◆ **RECORDS FOR THE TASK**:
---

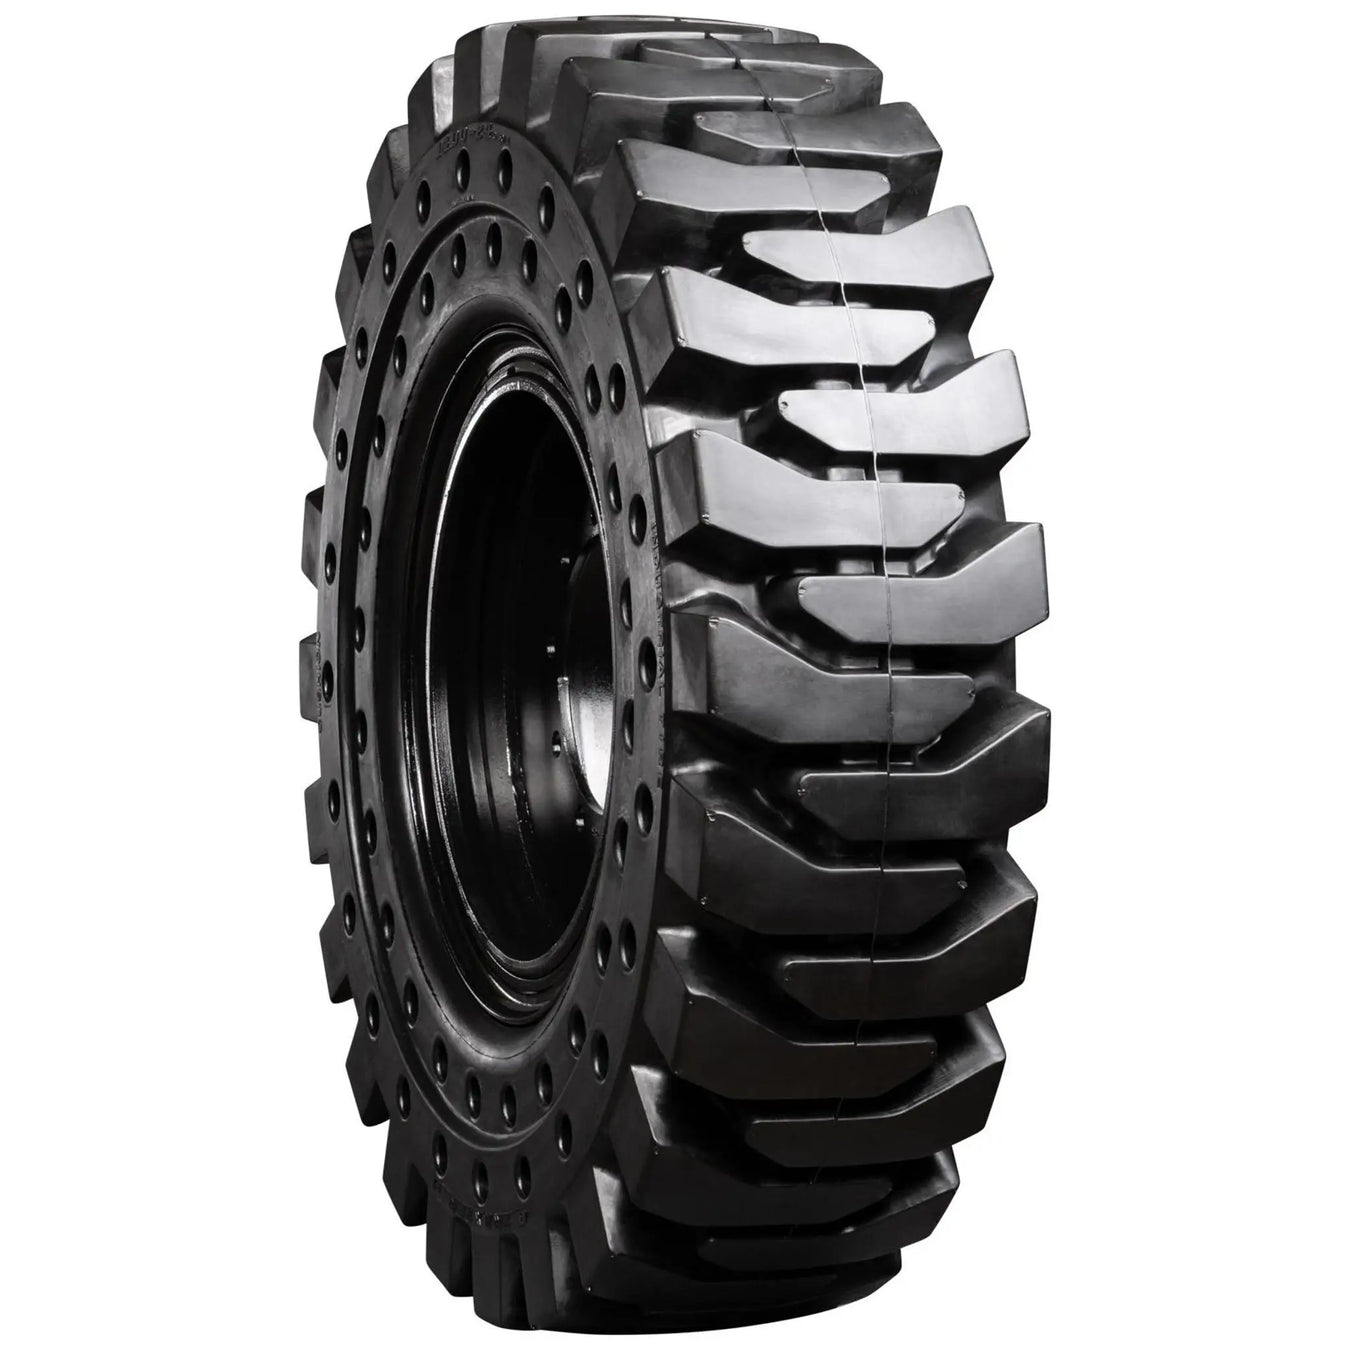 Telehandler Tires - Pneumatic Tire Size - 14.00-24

---

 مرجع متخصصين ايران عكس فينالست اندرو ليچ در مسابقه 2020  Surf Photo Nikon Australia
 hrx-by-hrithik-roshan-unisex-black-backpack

---

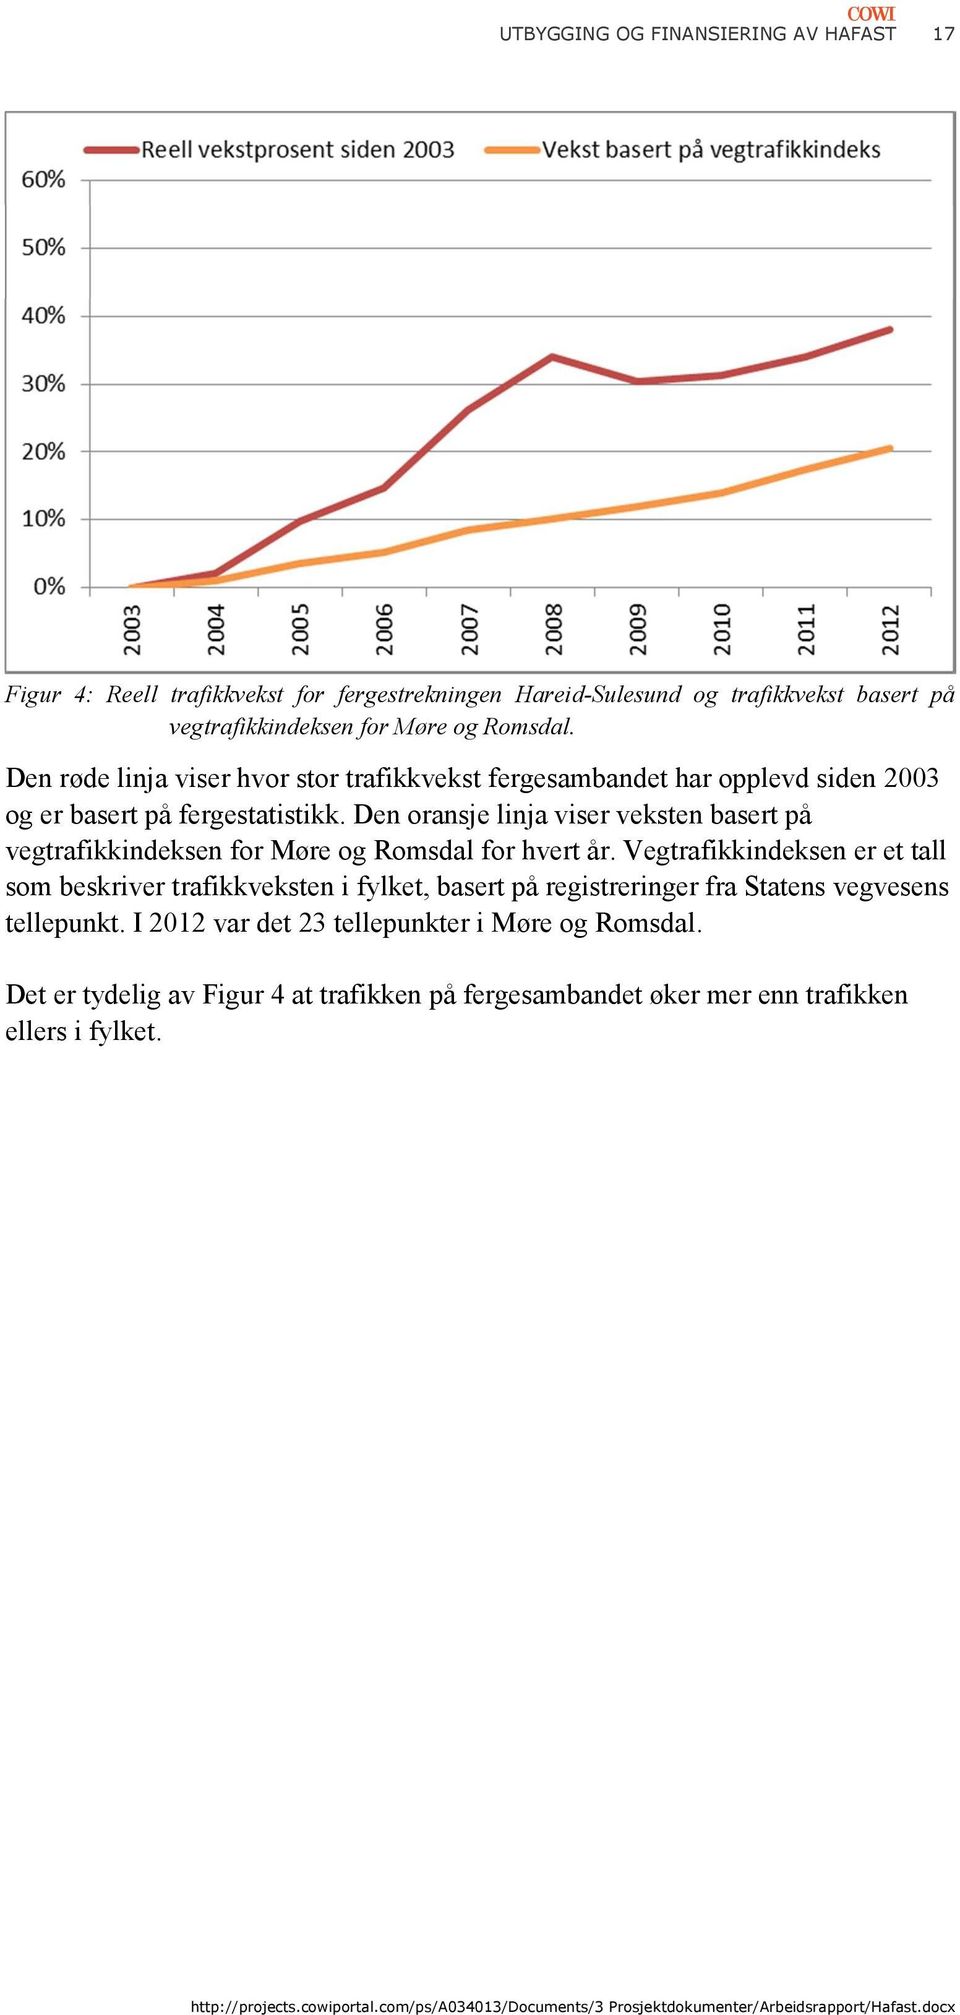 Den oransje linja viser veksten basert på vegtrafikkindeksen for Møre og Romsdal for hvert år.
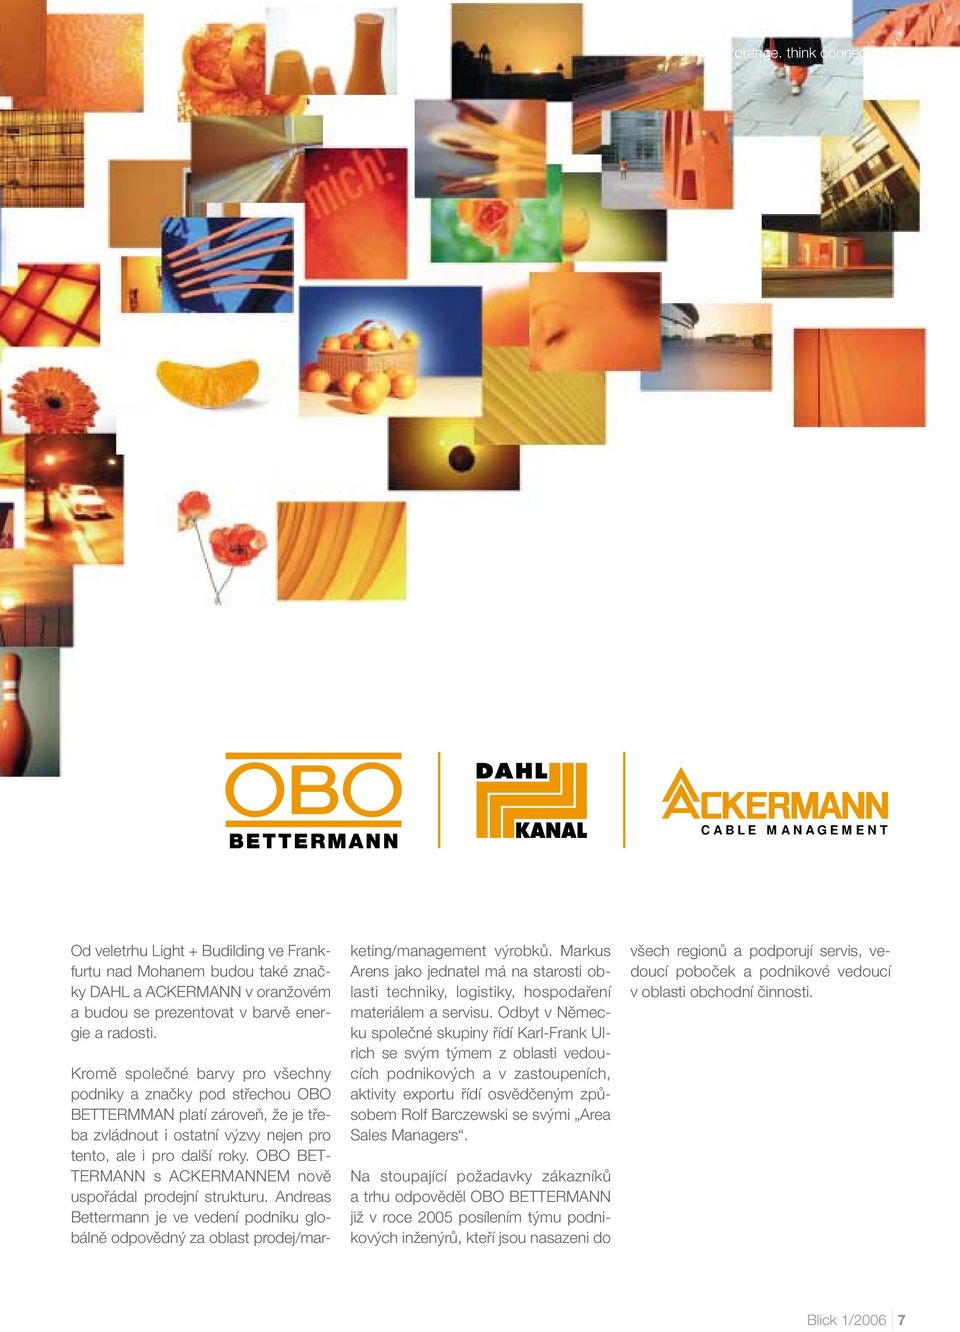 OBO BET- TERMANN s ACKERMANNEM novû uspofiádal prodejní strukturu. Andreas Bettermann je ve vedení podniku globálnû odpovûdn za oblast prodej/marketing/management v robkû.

---

◆ **EXERCISE BRIEF**: Output exactly the lines of the listing above that start with the one holding "Den oransje linja" and go on through the one holding "OBO BET- TERMANN"; leave the pictures out.

◆ **RESPONSE TO THE TASK**:
 Den oransje linja viser veksten basert på vegtrafikkindeksen for Møre og Romsdal for hvert år.
 OBO BET- TERMANN s ACKERMANNEM novû uspofiádal prodejní strukturu. Andreas Bettermann je ve vedení podniku globálnû odpovûdn za oblast prodej/marketing/management v robkû.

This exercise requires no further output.